– Дорожный человек, ей, вылезай из телеги! – Андрей очнулся. Перед ним стоял с сердитым лицом паренек, камердинер. – Гаврила Иванович зовет в баню – париться… Да ты тут разуйся, брось под телегу и кафтан, и шапку… У нас не как в боярских домах, – к нам в рубище не пускают…
Ублаготворенные после бани, с полотенцами на шее, Гаврила и Андрей сели ужинать. Агаповна отослала мажордома в каморку, чтобы не стеснял. Пухлые белые руки ее так и летали по столу, накладывая на тарелки что повкуснее, наливая в венецианские рюмки, вынутые для такого дорогого случая, заветные наливки и настойки. Когда разгорелись свечи, Гаврила заметил в углу на стуле стоявшую раму, занавешенную холстом. Агаповна сокрушенно подперла щеку:
– Уж не знаю, как при чужом-то человеке и показать тебе это… Из Голландии Санюшка, сестрица твоя, прислала как раз к Иванову дню… Иван Артемич, голубчик, то на стену это повесит, то закручинится, снимет, прикроет полотном… При посылке она отписала: «Папенька, не смущайтесь, ради бога, вешайте мою парсуну смело в столовой палате, в Европе и не то вешают, не будьте варваром…»

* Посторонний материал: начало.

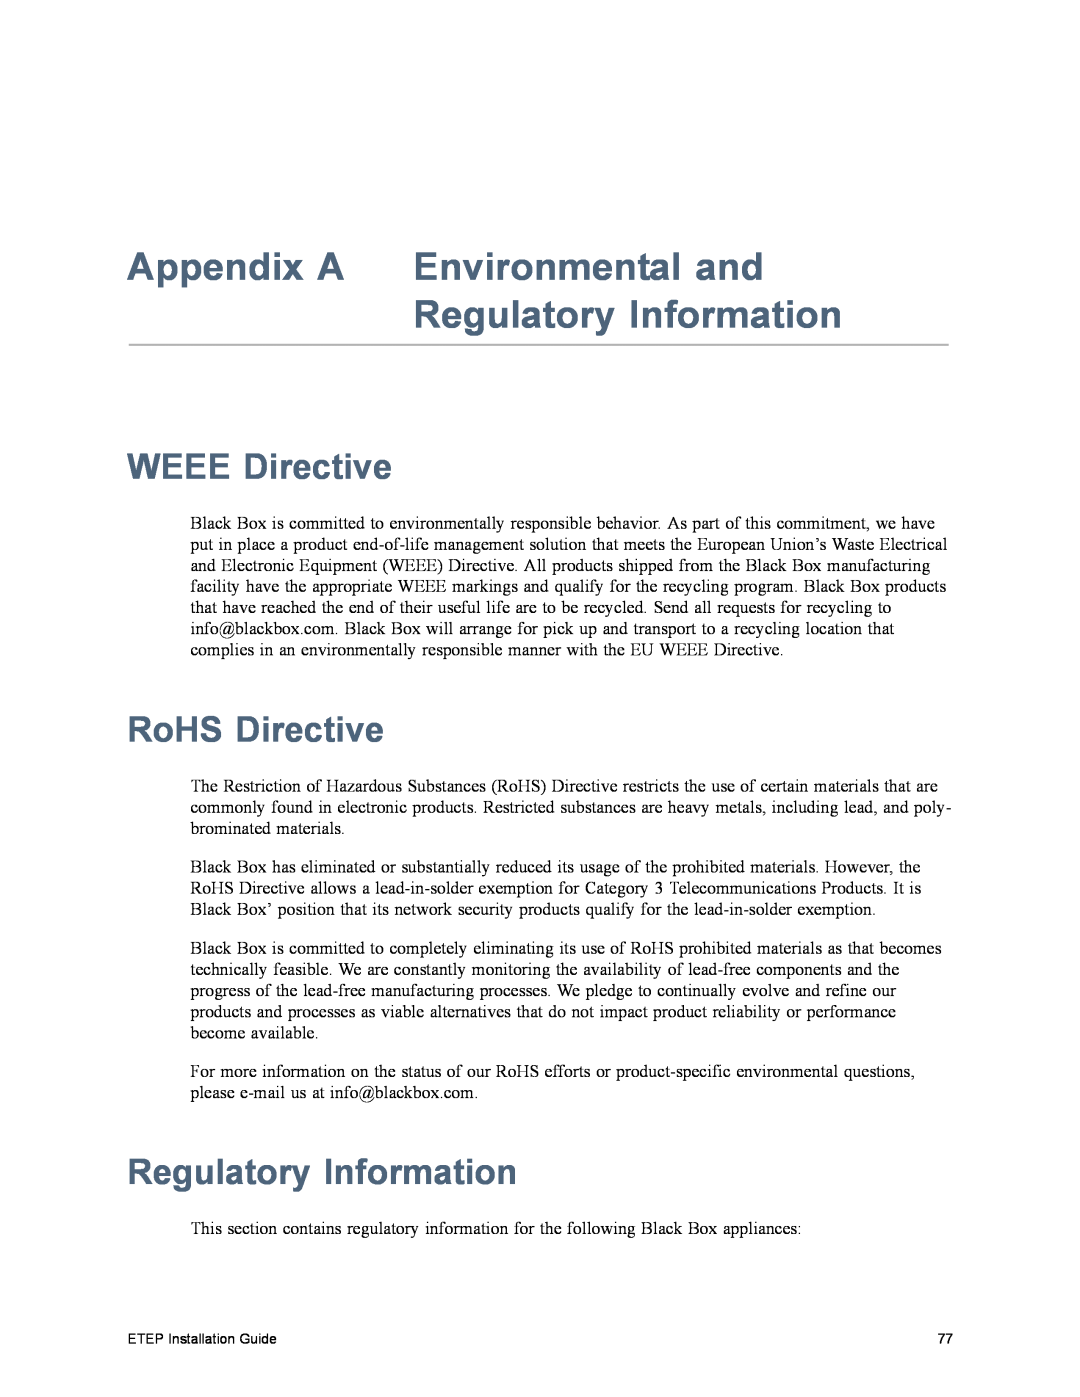 Black Box ET0100A, ET1000A, ET0010A Appendix A Environmental and Regulatory Information, WEEE Directive, RoHS Directive 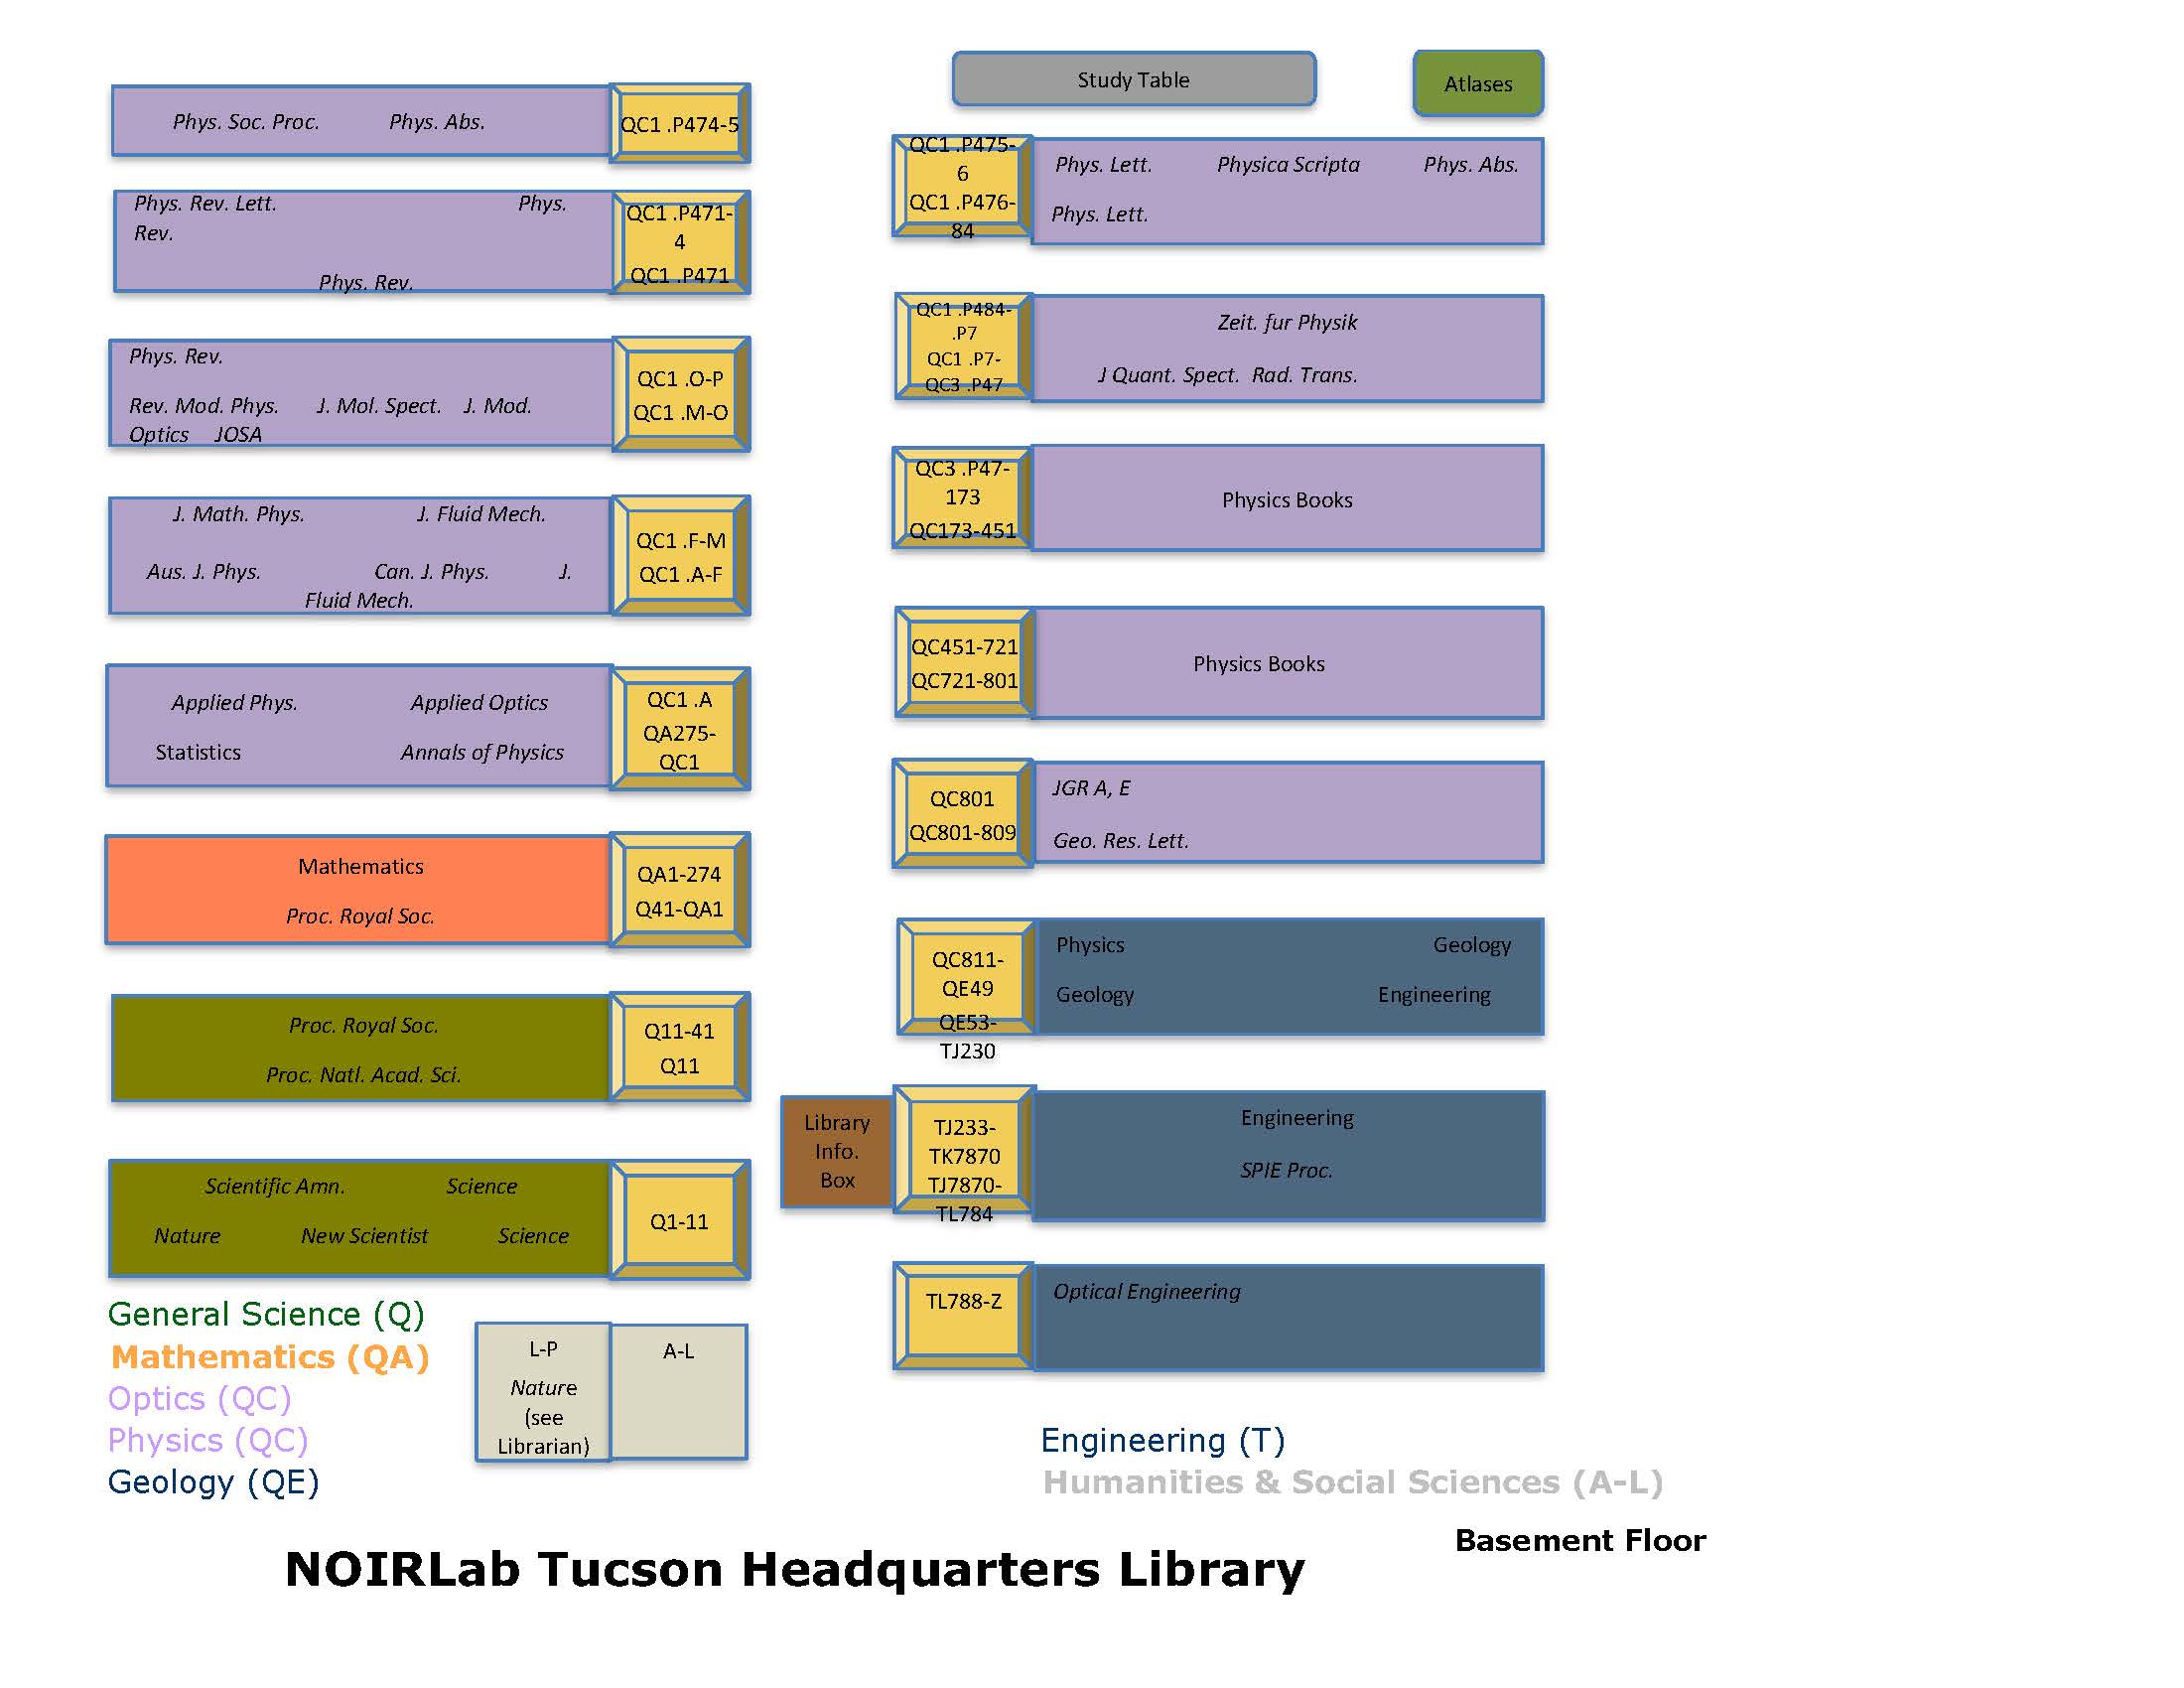 Tucson Headquarters Library Map - Basement Floor

Гаврила вылез из-за стола, взял свечу и сдернул холст с того, что стояло в углу на стуле. Голиков привстал, – у него даже дыхание перехватило… Это был портрет боярыни Волковой, несказанной красоты и несказанного соблазна…
– Ну-ну, – только и сказал Гаврила, озаряя его свечой.
Живописец изобразил Александру Ивановну посреди утреннего моря, на волне, на спине дельфина, лежала она в чем мать родила, только прикрывалась ручкой с жемчужными ноготками, в другой руке держала чашу, полную винограда, на краю ее два голубя клевали этот виноград. Над ее головой – справа и слева – в воздухе два перепрокинутых ногами вверх толстых младенца, надув щеки, трубили в раковины. Юное лицо Александры Ивановны, с водянистыми глазами, усмехалось приподнятыми уголками рта весьма лукаво…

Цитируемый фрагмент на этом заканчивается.